### [TASK]
After locating the line that holds "Data Protection Bill", repeat it and each following line exactly until the material ends, skipping pictures.
(RECORDED INFORMATION)
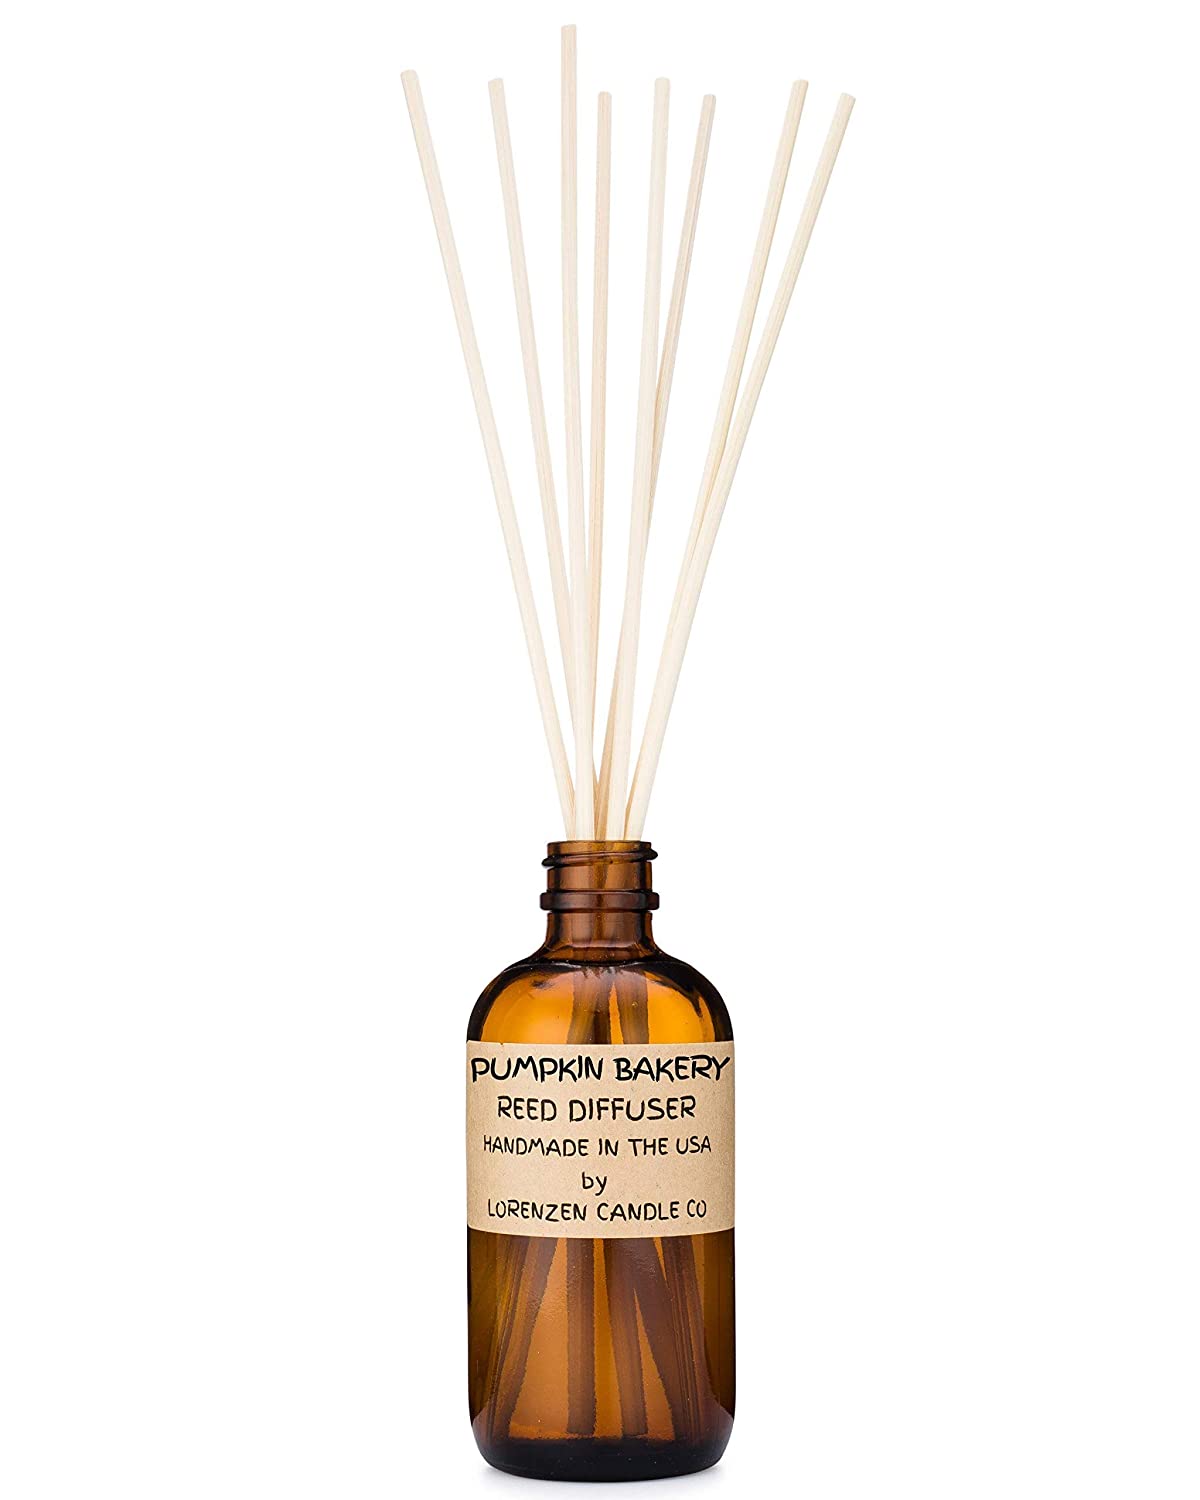 Pumpkin Bakery Reed Diffuser Set 3oz | Handmade in the USA by Lorenzen Candle Co
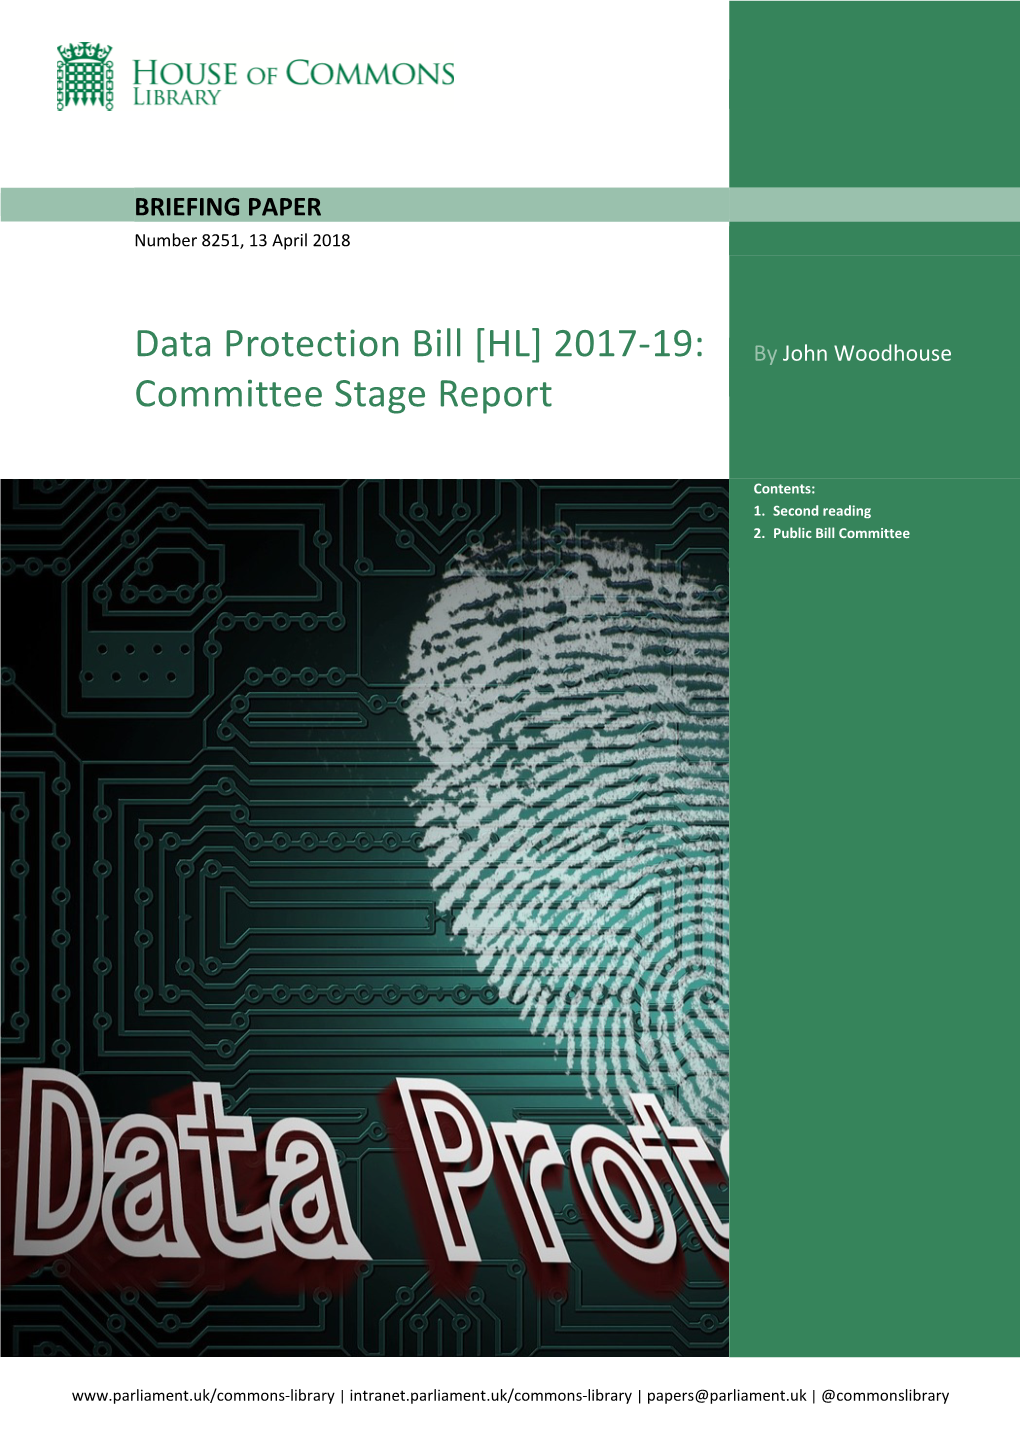 Data Protection Bill [HL] 2017-19: by John Woodhouse
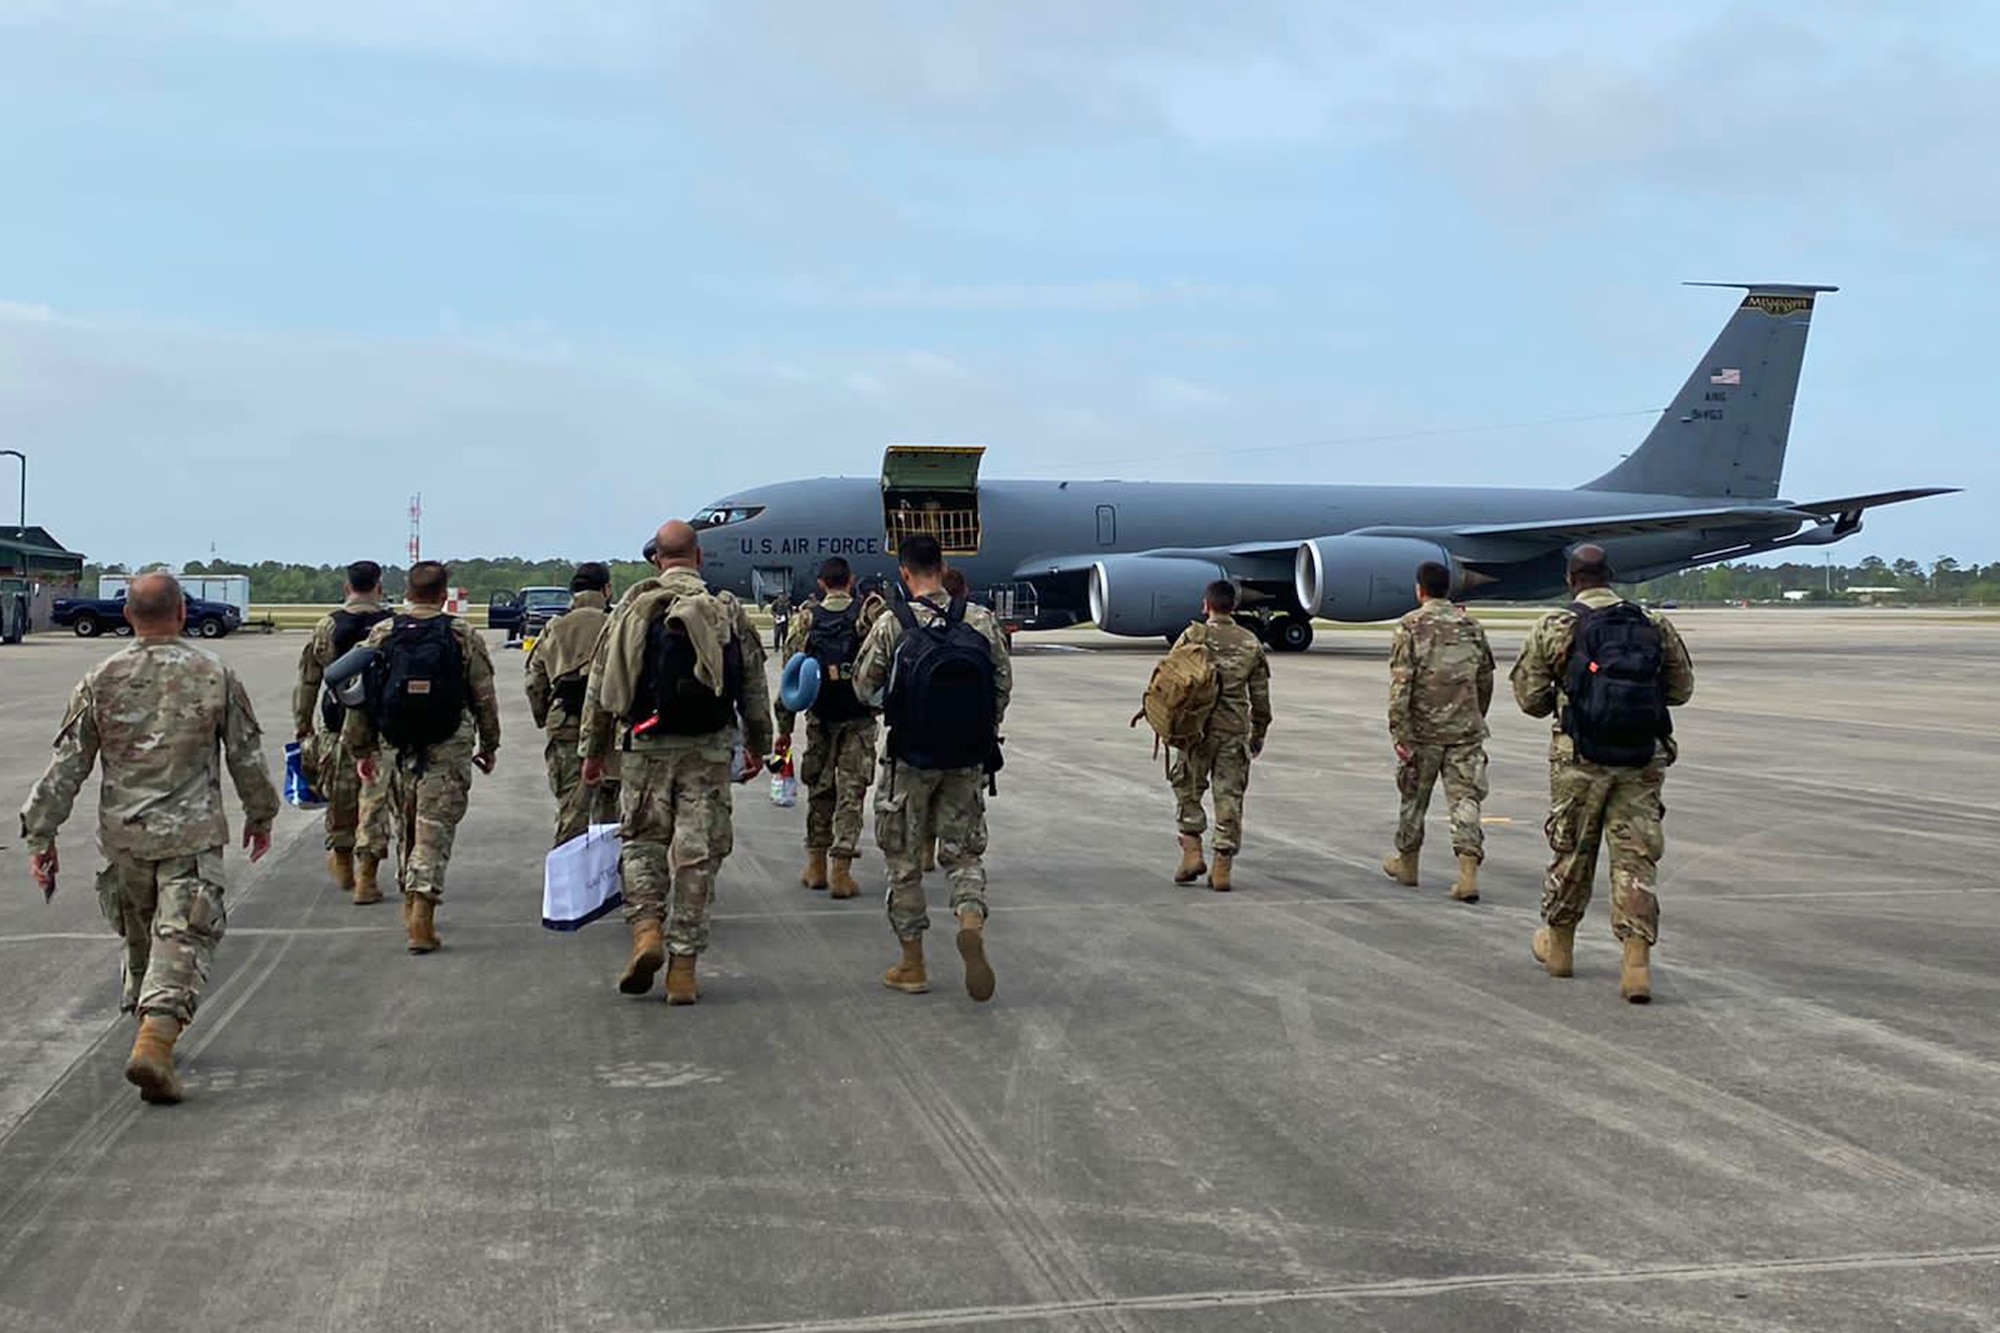 Airmen from the 141st Air Control Squadron, Puerto Rico Air National Guard, prepare to depart to Gulfport, Mississippi, at Muniz Air National Guard Base, Carolina, Puerto Rico, April 14, 2021. The Airmen participated in the Southern Strike exercise in Gulfport April 15-29.
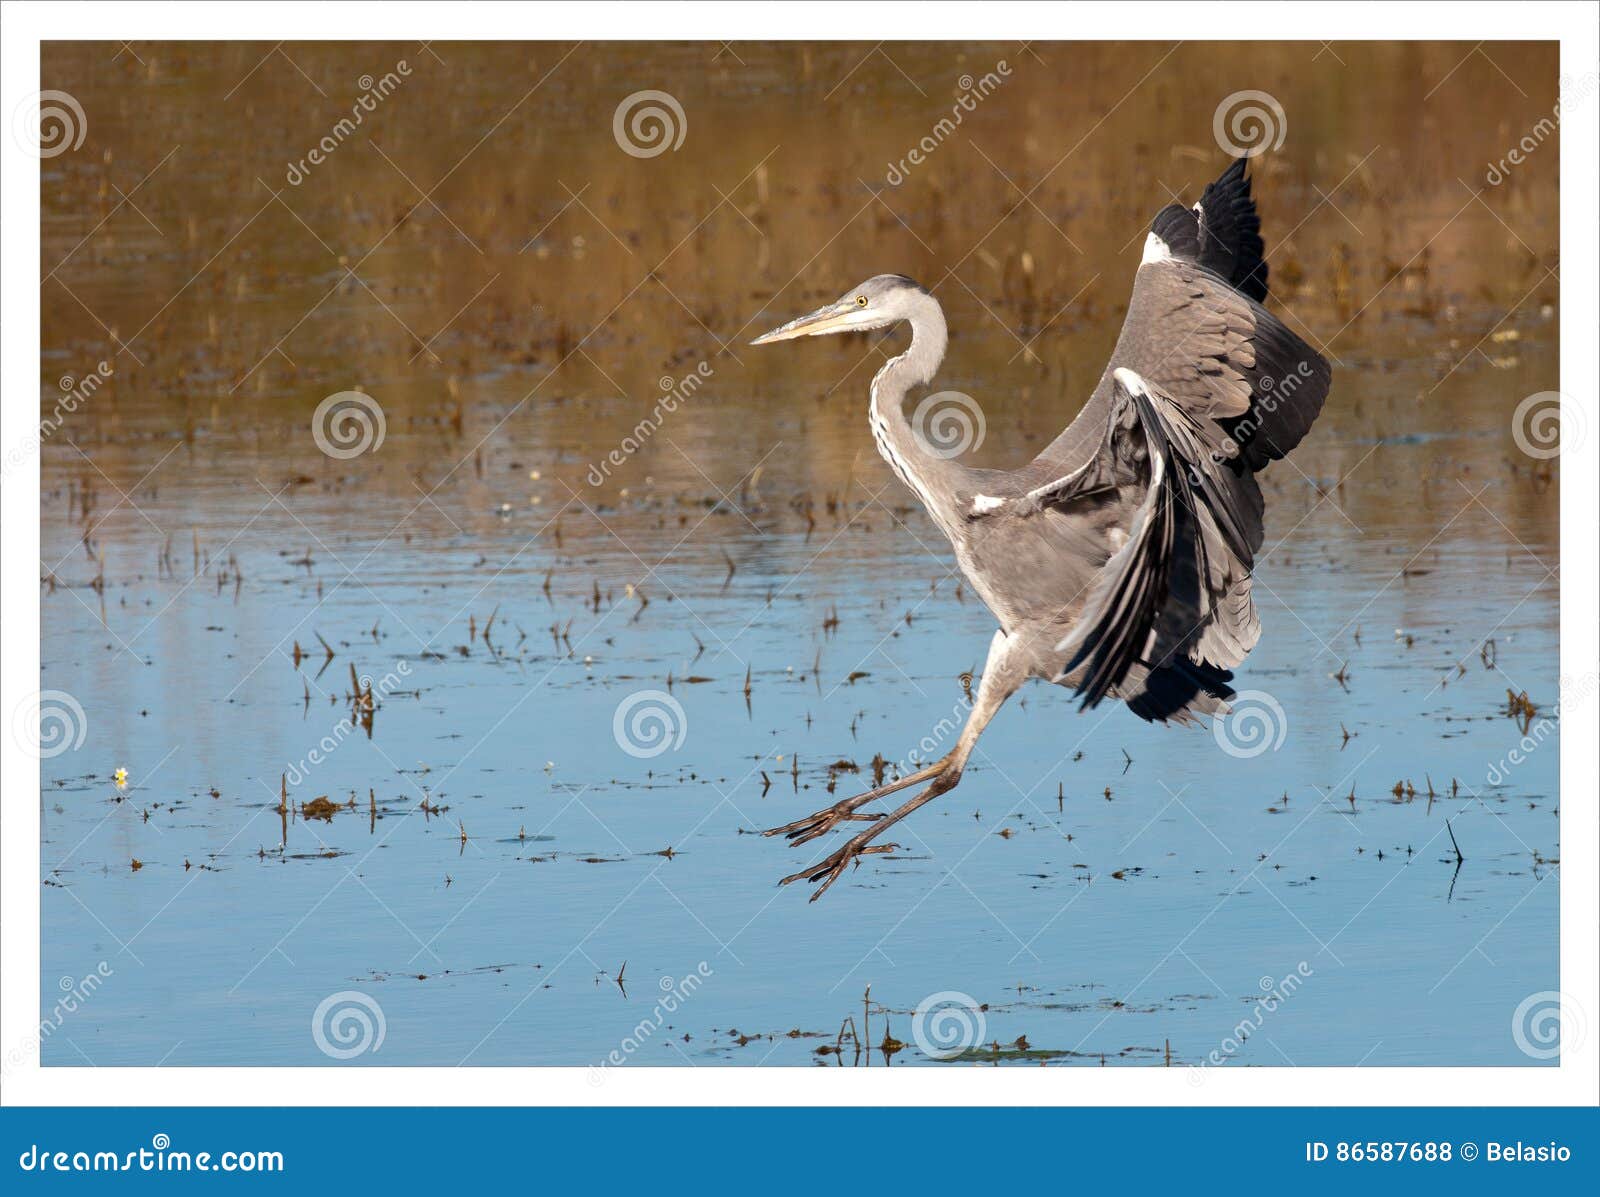 a great heron landing on the water
(End RECORDED INFORMATION)
### [RESULT FOR THIS TASK]
 Data Protection Bill [HL] 2017-19: by John Woodhouse
 Airmen from the 141st Air Control Squadron, Puerto Rico Air National Guard, prepare to depart to Gulfport, Mississippi, at Muniz Air National Guard Base, Carolina, Puerto Rico, April 14, 2021. The Airmen participated in the Southern Strike exercise in Gulfport April 15-29.
 a great heron landing on the water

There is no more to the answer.